對此,周南和奧黛麗都反駁不得,順從了她的意思。
隨後,一羣人在集中營旁邊的樹林裡採摘了一些野花,編織了兩個花圈。在製片人韋斯特的陪伴下,他們參觀了整個集中營,最後到萬人坑那裡敬獻了花圈。
奧托弗蘭克在戰後一直極力宣傳安妮的事蹟,也在這之前就在這裡給安妮她們姐妹倆修建了一座墓碑。
奧黛麗看着這個黑底白字的墓碑,不知怎麼的就傷感起來了,開始還只是默默地流淚,後來竟然有些控制不住自己了。
卡洛琳他們勸慰了一會兒,喊着周南:“約納斯,過來一下。”
韋斯特善解人意地說道:“赫本小姐拍攝期間一直全身心地投入在安妮的角色裡面,現在看到了安妮的墓碑,恐怕是有些難過。你去安慰她吧,我也正好去看看乾草都準備好了沒有。”
周南跟他握了握手說道:“感謝你對奧黛麗的照顧,在阿姆斯特丹,你們都一直對她很照顧。”
“這是我們應該做的……”
在集中營的拍攝,還有一些冬季的鏡頭。現在是夏季,所以劇組挖了一片帶根的野草晾曬乾,然後鋪在集中營的一塊操場上,權當是冬季的背景。
周南雖然不懂,但是也知道這樣的場景佈置還是很有良心的。後世一些電視,電影上面,那些穿幫鏡頭才更可笑。

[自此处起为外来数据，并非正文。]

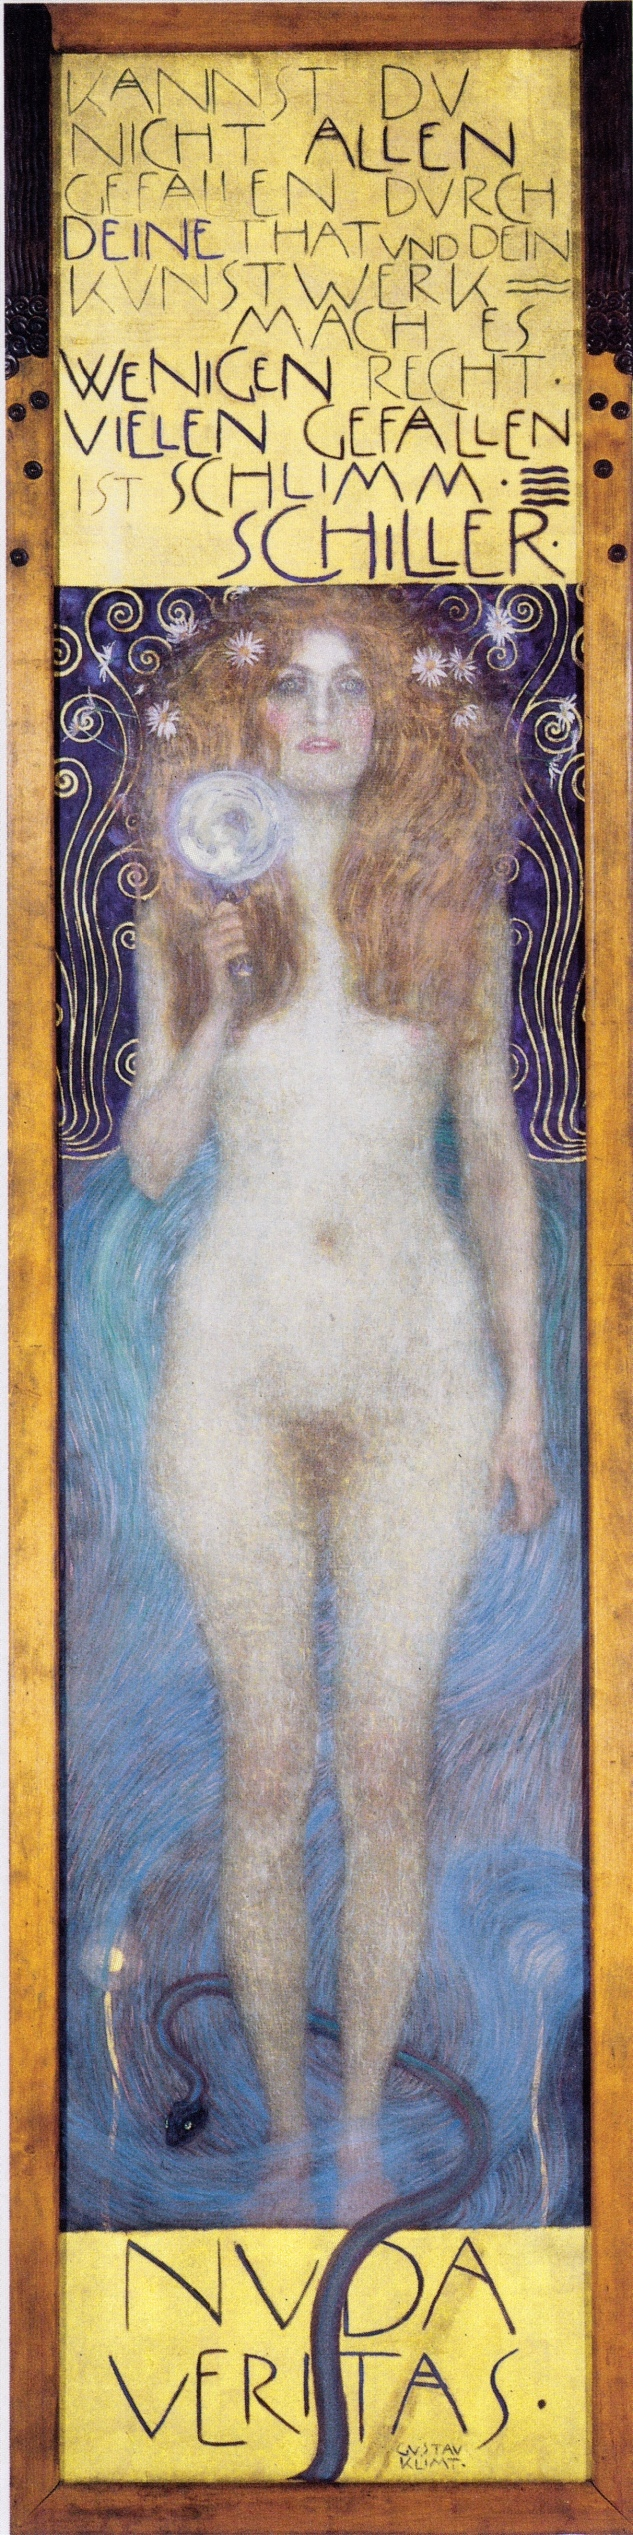 Klimt_-_Nuda_Veritas_-_1899

來到了女人們這邊,只聽到奧黛麗抽泣着說道:“安妮就彷彿是另外一個我,我們都是出生在29年,我只比她大了39天,也都在阿姆斯特丹生活過。我幸運地遇到了約納斯,離開了荷蘭,可是她卻在那個時候躲在阿姆斯特丹的閣樓裡。我的幸運襯托了安妮的不幸,這讓我的內心充滿了不安和愧疚。卡洛琳媽媽,上帝不是仁慈的嗎?可是爲什麼卻捨得傷害這樣一個可愛的姑娘?”
“上帝的旨意不可猜測……”卡洛琳也不知道該如何勸慰她,只能說道:“正因爲你跟安妮彷彿是命運的兩端,所以你纔要帶着她的使命好好活下去,不是嗎?”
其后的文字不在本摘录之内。